4.3 The following table shows the results for CorrelationCorrelation CoefficientCoefficient features:

Model Acc Roc AUC Cv-5 Cv-5 AUC
Logistic Regression 0.65 0.90 0.79 0.85
SVM (linear) 0.71 0.92 0.73 0.85
SVM (rbf) 0.82 0.92 0.76 0.86
Random Forest 0.82 0.90 0.80 0.86

The following figures show the ROC curves for the models (Cv-5 AUC - last column in table):

roc_logistic_Correlation

Fig.13: ROC curve for the Logistic Regression model.

roc_svm_rbf_Cosine

Fig.14: ROC curve for the SVM (rbf) model.

roc_svm_linear_Correlation

Fig.15: ROC curve for the SVM (linear) model.

roc_random_forest_Correlation

Fig.16: ROC curve for the Random Forest model.

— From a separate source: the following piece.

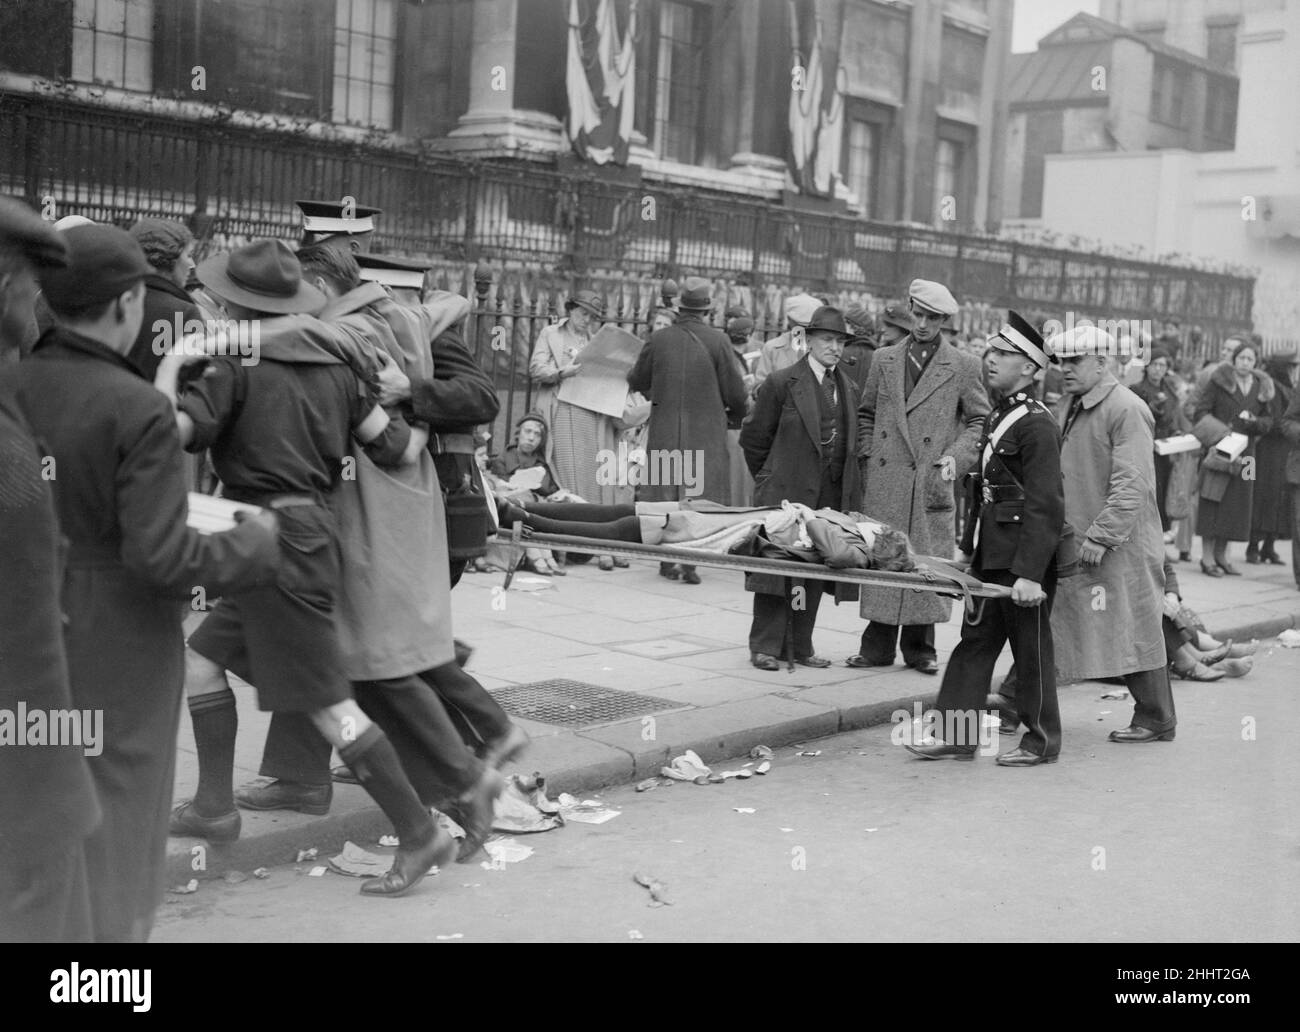 Coronation of King George VI.St Johns Ambulance workers treating injured people in the crowd near Trafalgar Square, awaiting the procession. One woman is carried away on a stretcher for treament.  12th May 1937. Stock Photo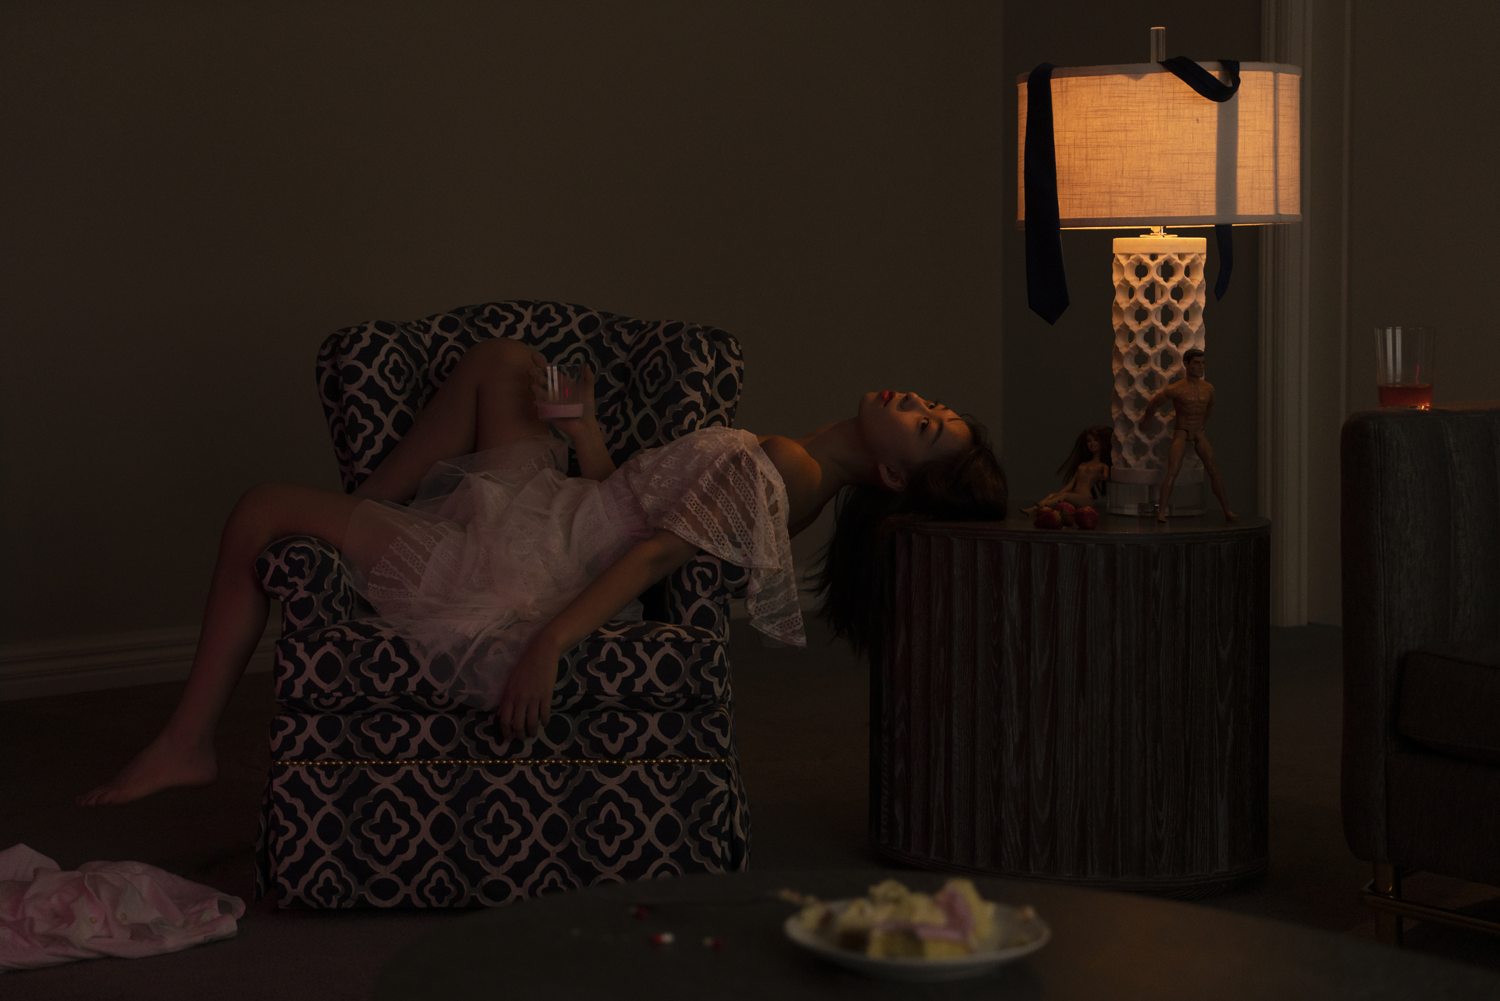 Digital photograph of woman in white dress lying across a small patterned lounge chair in dark lounge room.

5. Final Thoughts and Conclusions

The classification of subjects into healthy or schizophrenic groups based on Transition Probability Matrices (TPMs) represents a significant results. This study has demonstrated the feasibility of using simple, yet effective, statistical and machine learning techniques to differentiate between the neurophysiological patterns characteristic of these two conditions.

Through the feature engineering process, we have successfully addressed the challenge of high dimensionality inherent in the TPMs by extracting robust and interpretable features. The similarity measures—Euclidean distance, cosine similarity, and correlation coefficient—have been instrumental in transforming the raw TPM data into a format amenable to machine learning algorithms. These features not only reduce the risk of overfitting but also enhance the interpretability of the models, providing valuable insights into the neurodynamics of healthy and schizophrenic subjects.

The visualization of features through scatter plots has offered a preliminary yet insightful look into the distribution and separation capabilities of the features extracted. It has laid the groundwork for understanding how well the features can distinguish between the two groups. In particular, the correlation coefficient features appear to be the most promising, as they show a clear separation between the two groups. And some of the subjects especially in the schizophrenic group are very close to the healthy group. This suggests that the correlation coefficient features can be used to identify subjects with schizophrenia who exhibit brain state transitions similar to those of healthy individuals.

Model selection included Logistic Regression, Random Forest, and Support Vector Machines with linear and radial basis function (rbf) kernels. The choice of these models was guided by their widespread use and proven track record in classification tasks. The evaluation of these models through metrics like accuracy and ROC AUC has provided a comprehensive view of their performance. In particular, the ROC AUC metric has been invaluable for assessing model efficacy in the context of a slightly imbalanced dataset.

The results indicate that the Support Vector Machine with an rbf kernel and features based on the correlation coefficient offers the most promising classification performance. However, the Random Forest model also shows comparable performance, suggesting that an ensemble of decision trees can capture the complex patterns in the data effectively.

It is imperative to note that while the current models perform satisfactorily, there is always room for improvement. Future work may include exploring more complex features and testing additional classifiers. Furthermore, extending the dataset and incorporating longitudinal data could enhance the robustness of the findings. It was also observed that reducing the TPMs by employing dimensionality reduction techniques like Principal Component Analysis (PCA) did not improve the classification performance. It was actually worse than the results obtained using present features. This suggests that the features extracted from the TPMs are already capturing the most important information and reducing the dimensionality further is not helping the models. (The PCA analysis is not included in this report.)

In conclusion, the use of TPMs for classification purposes holds promise not only as a diagnostic tool but also as a means to personalize treatment strategies for individuals with schizophrenia but also for other mental disorders.